Task item: Please make sure what you return matches the listing below exactly, minus its pictures.

Recorded data:
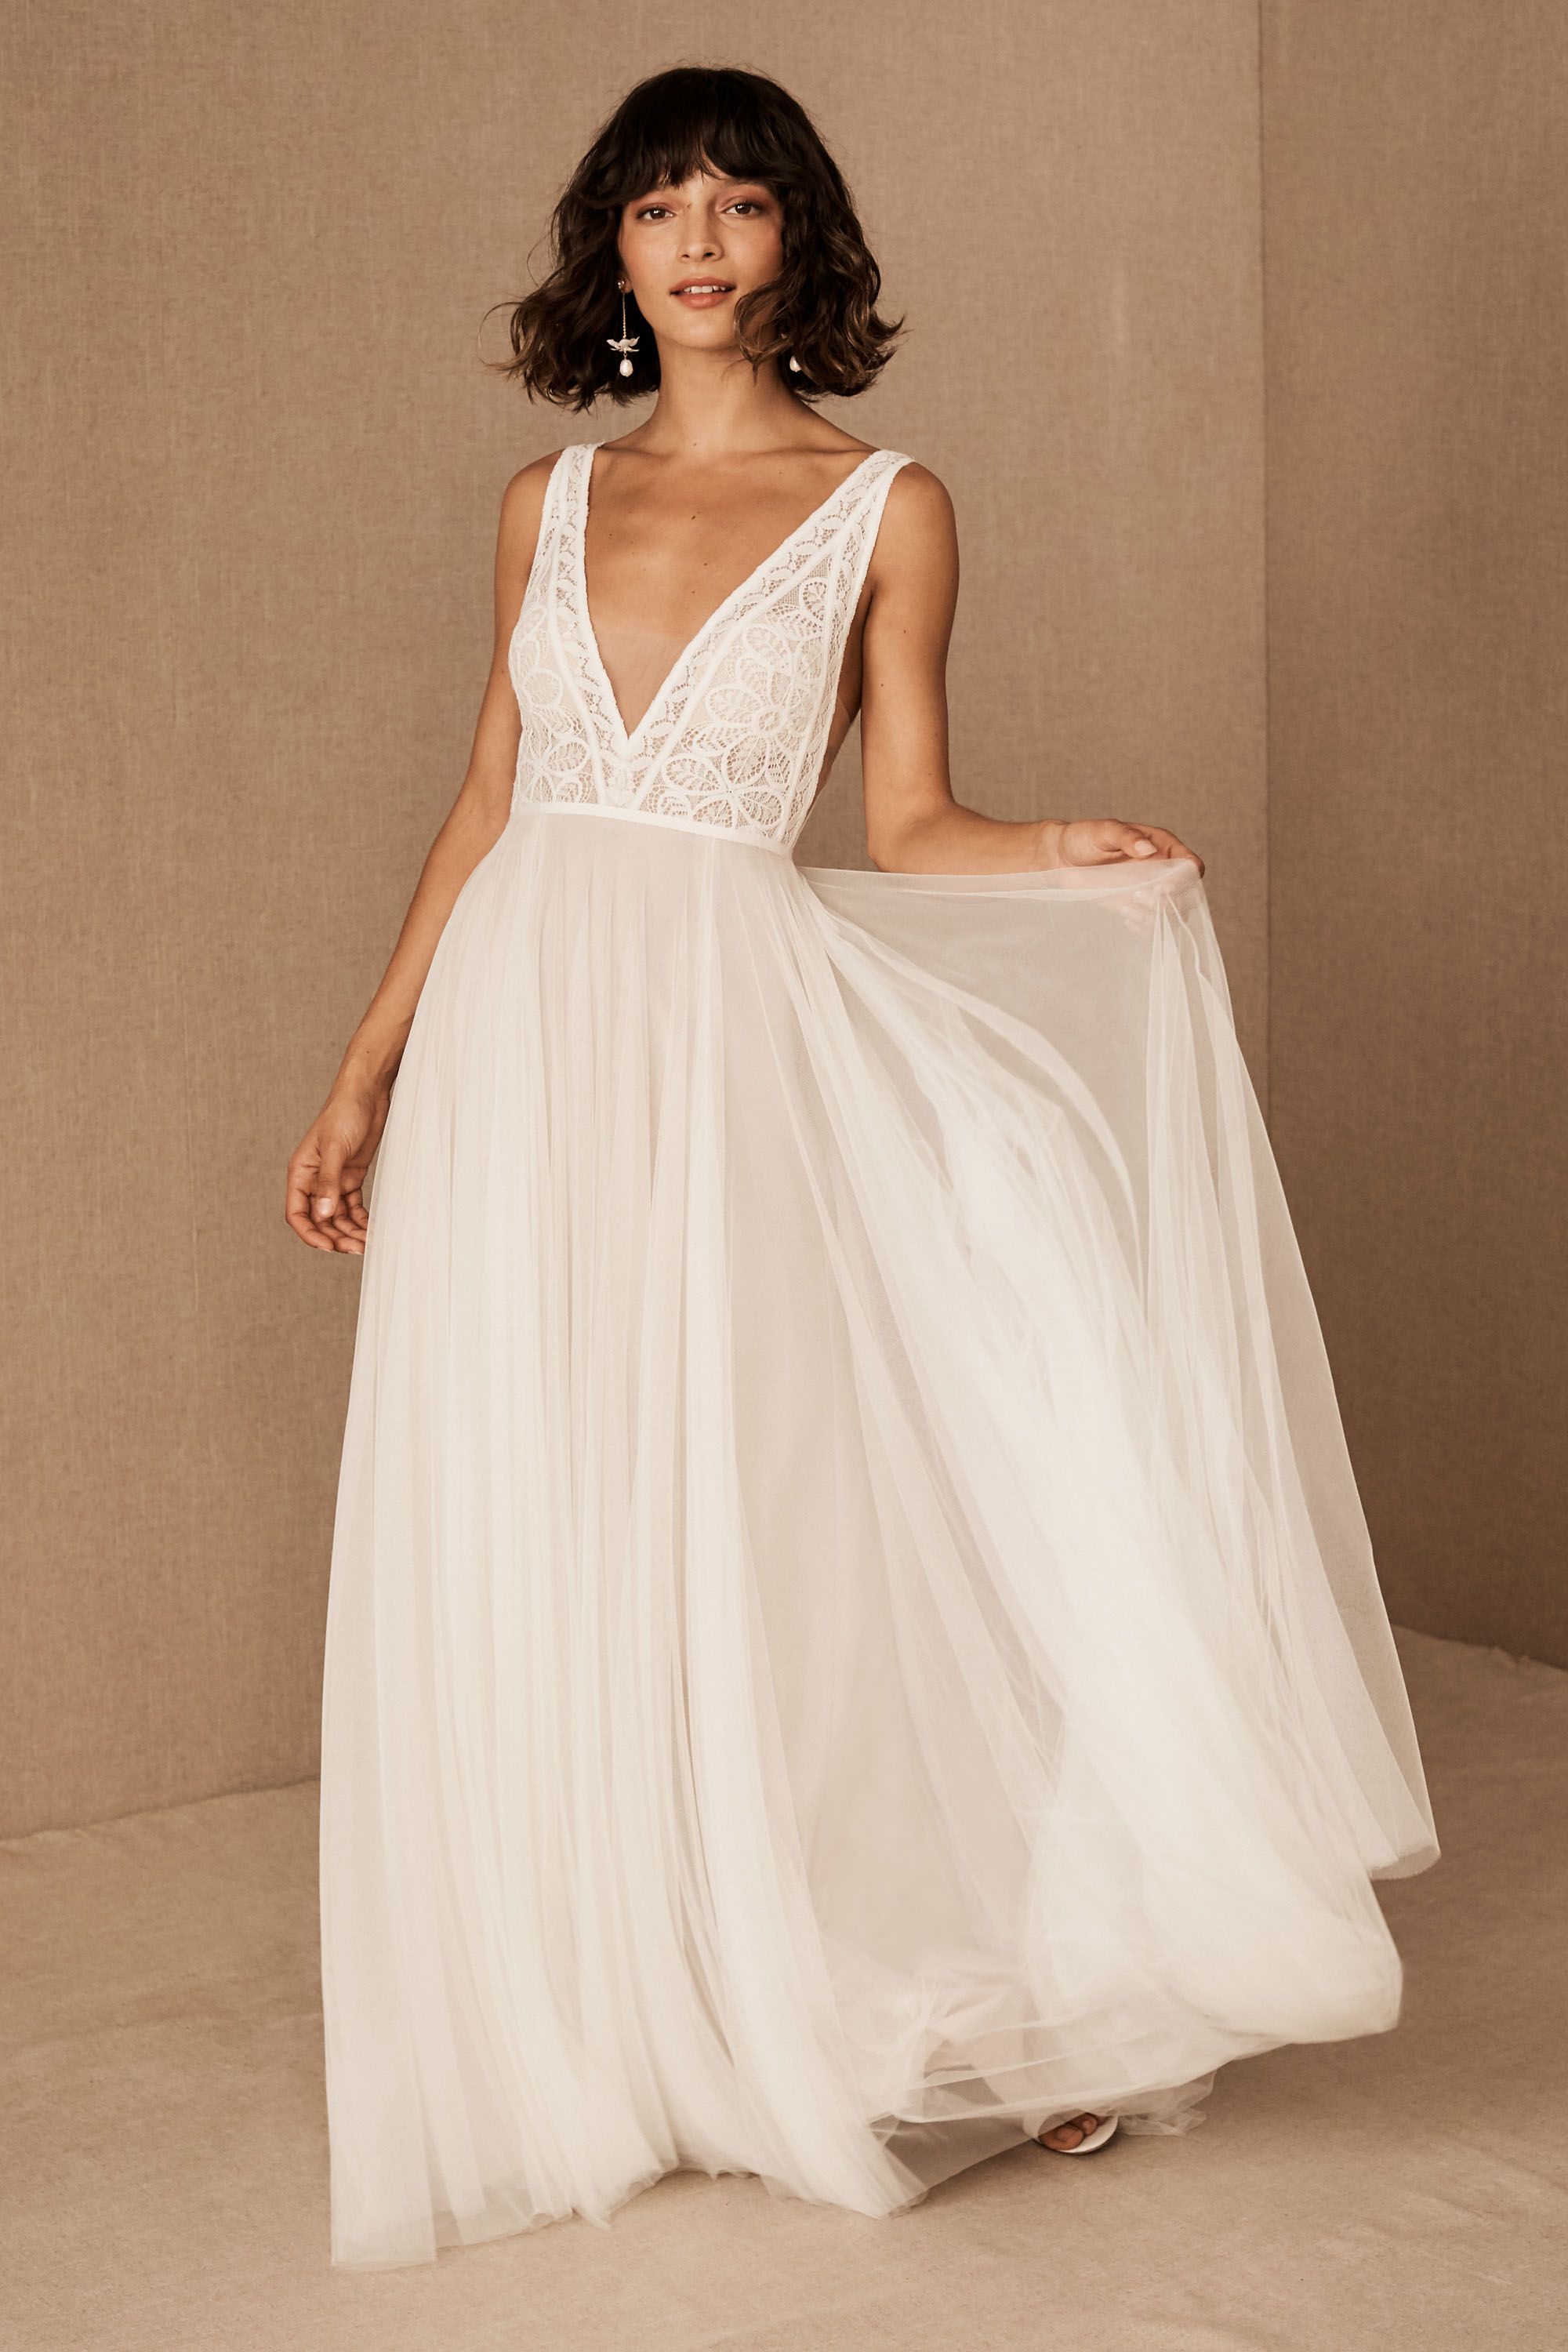 wedding gown online shopping
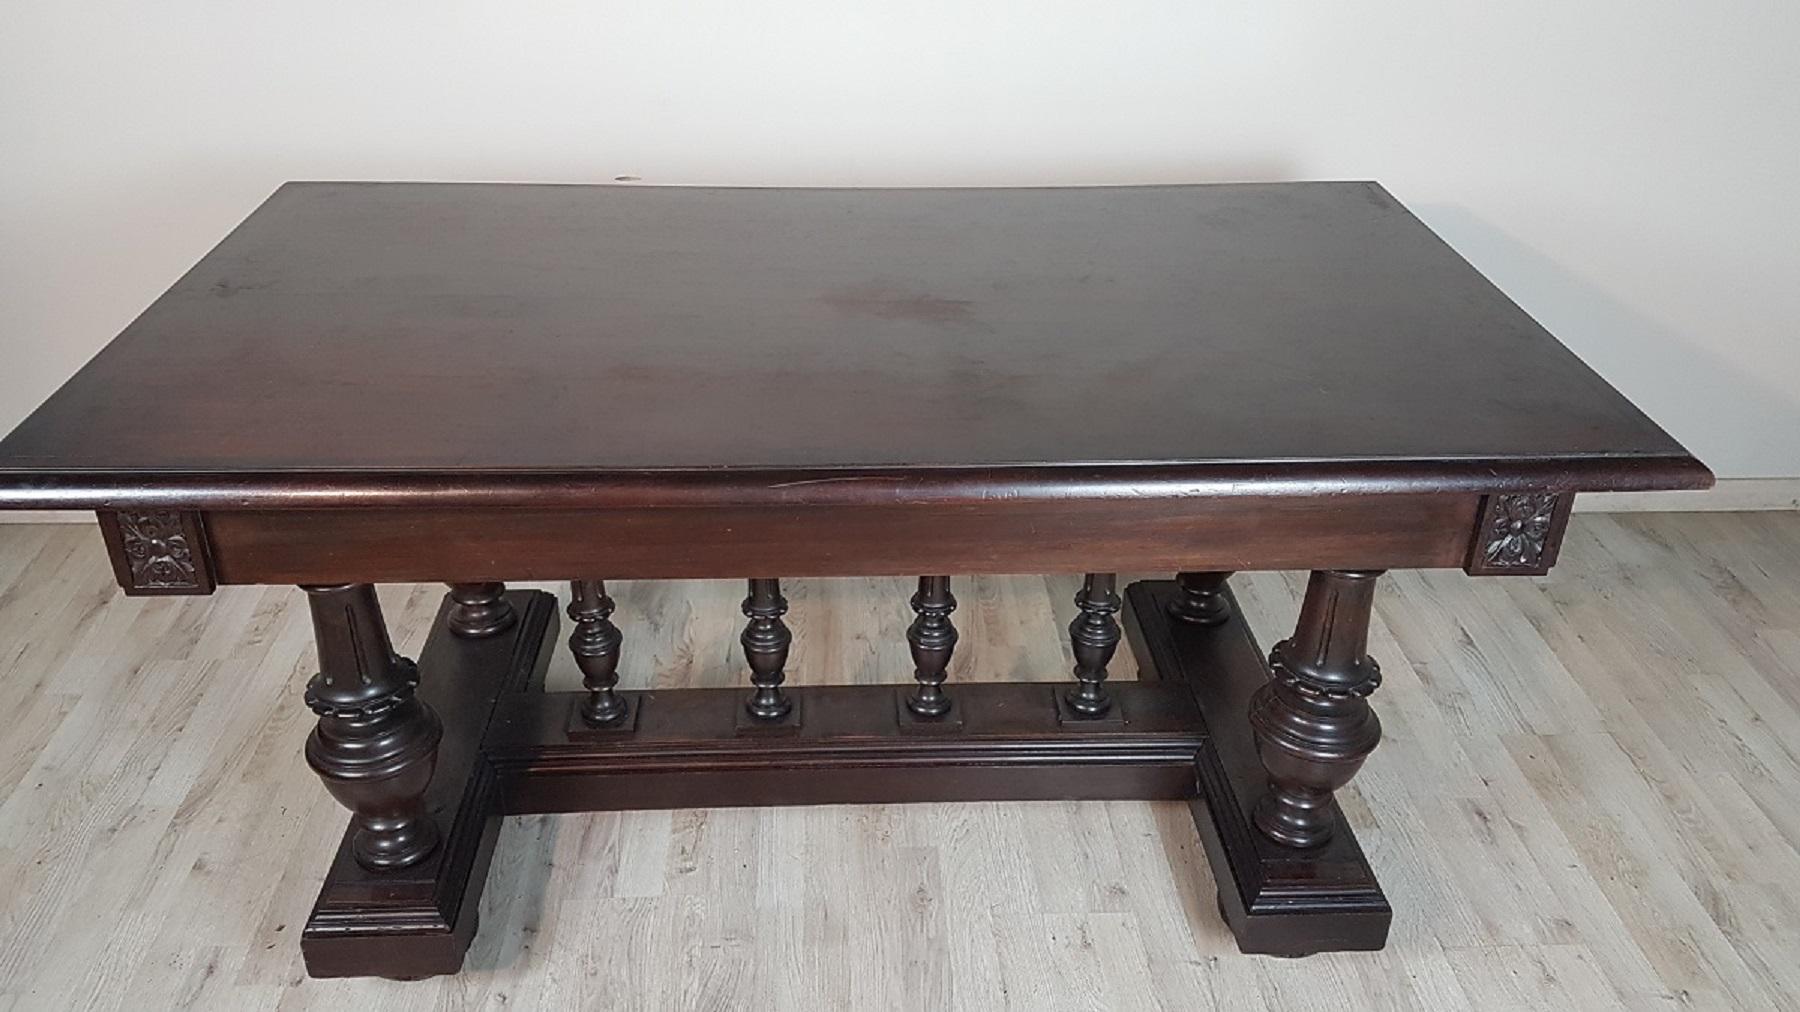 Elegant antique table ideal for dining room extendable on the sides The table can be dated around the end of the 18th century in the Neo-Renaissance period. The table is made of solid patina walnut, the band is narrow and therefore convenient for
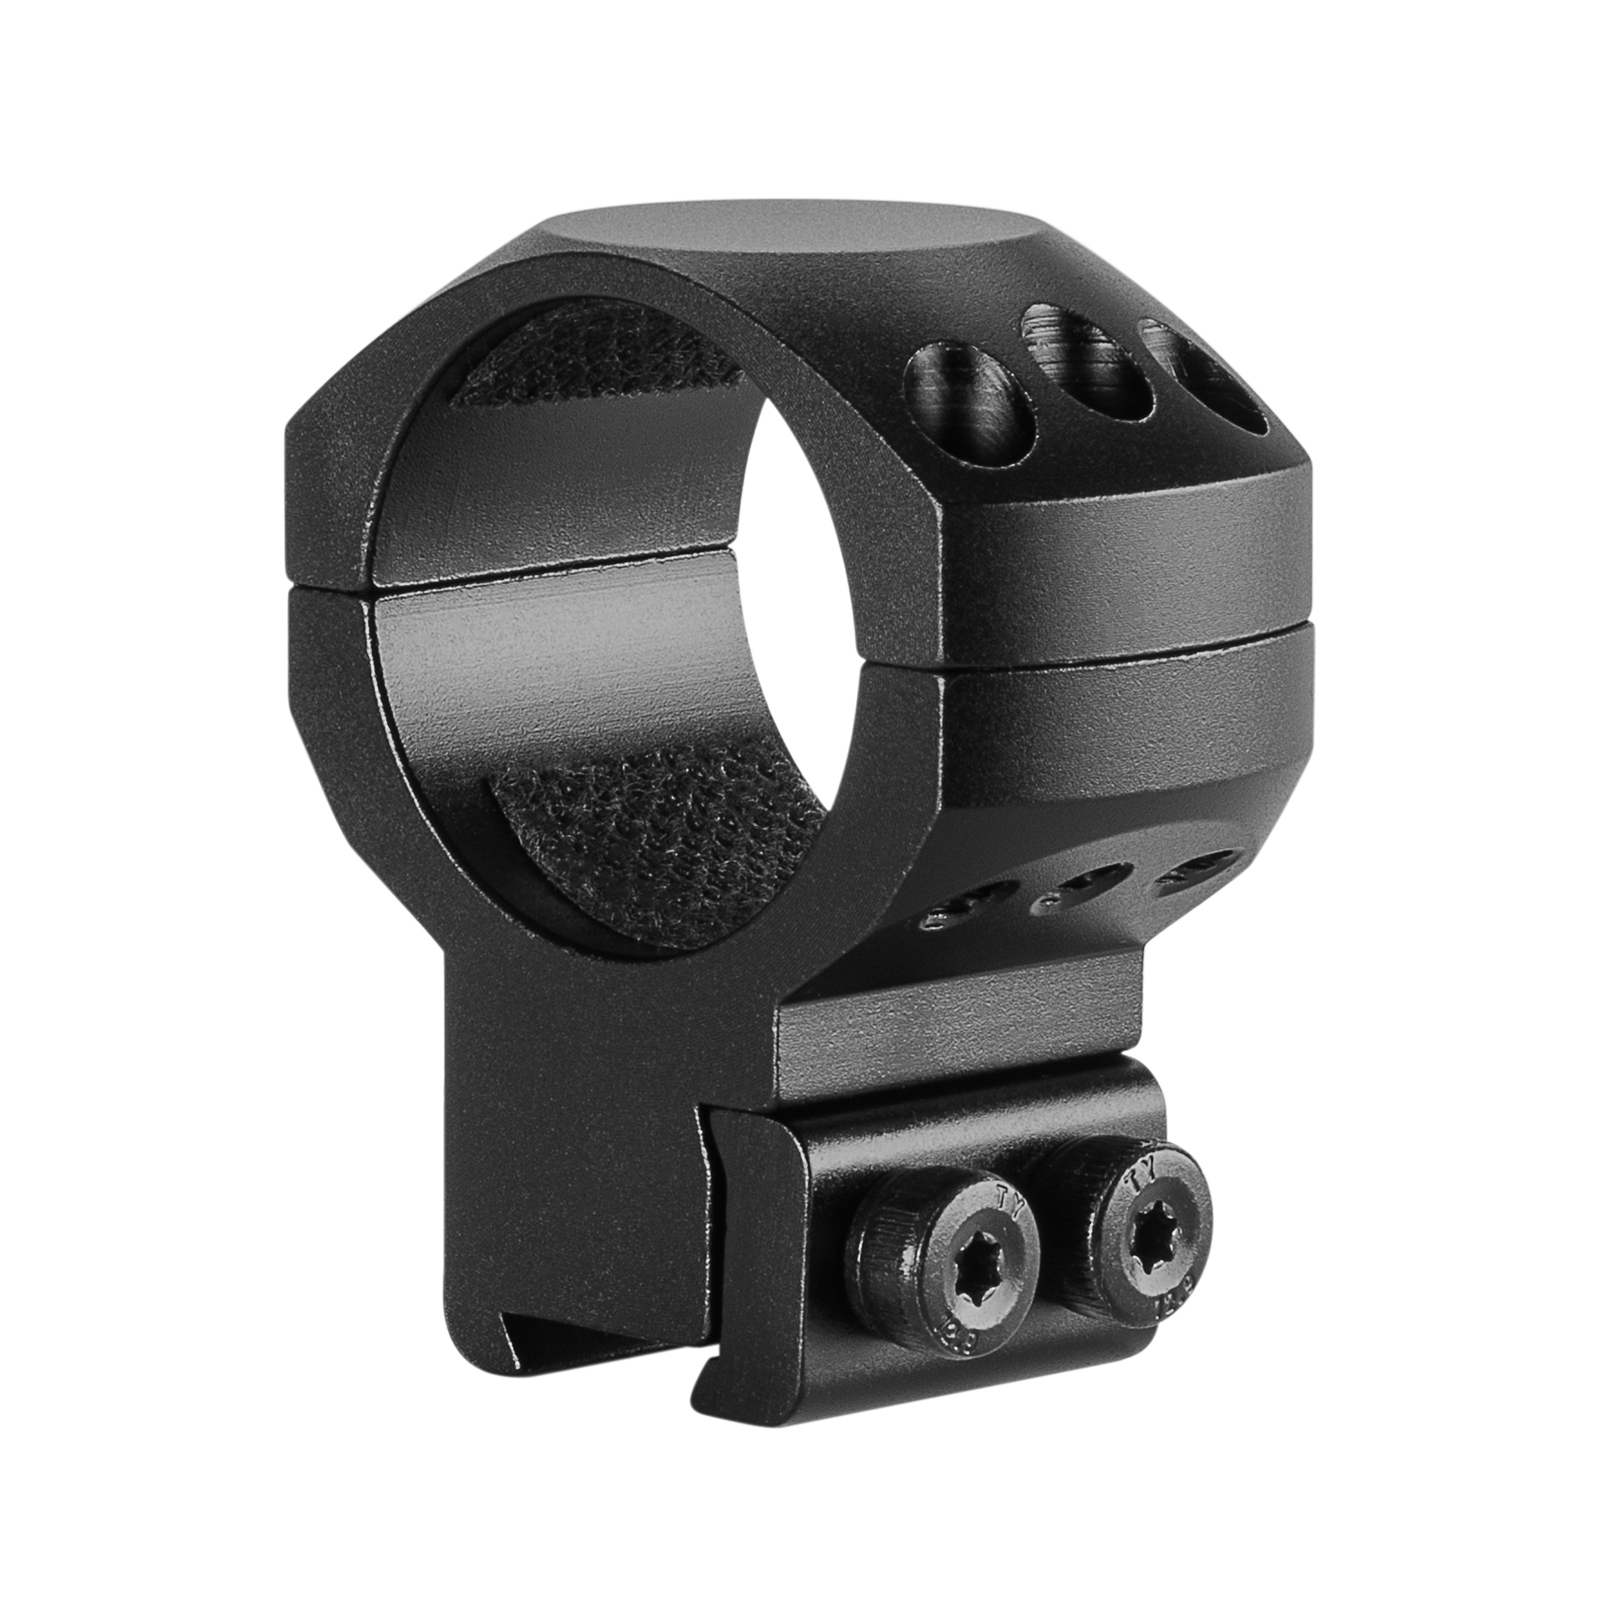 Hawke Tactical Ring Mounts - 9-11mm Dovetail 30mm High

Expected answer:
 wedding gown online shopping
 Elegant antique table ideal for dining room extendable on the sides The table can be dated around the end of the 18th century in the Neo-Renaissance period. The table is made of solid patina walnut, the band is narrow and therefore convenient for
 Hawke Tactical Ring Mounts - 9-11mm Dovetail 30mm High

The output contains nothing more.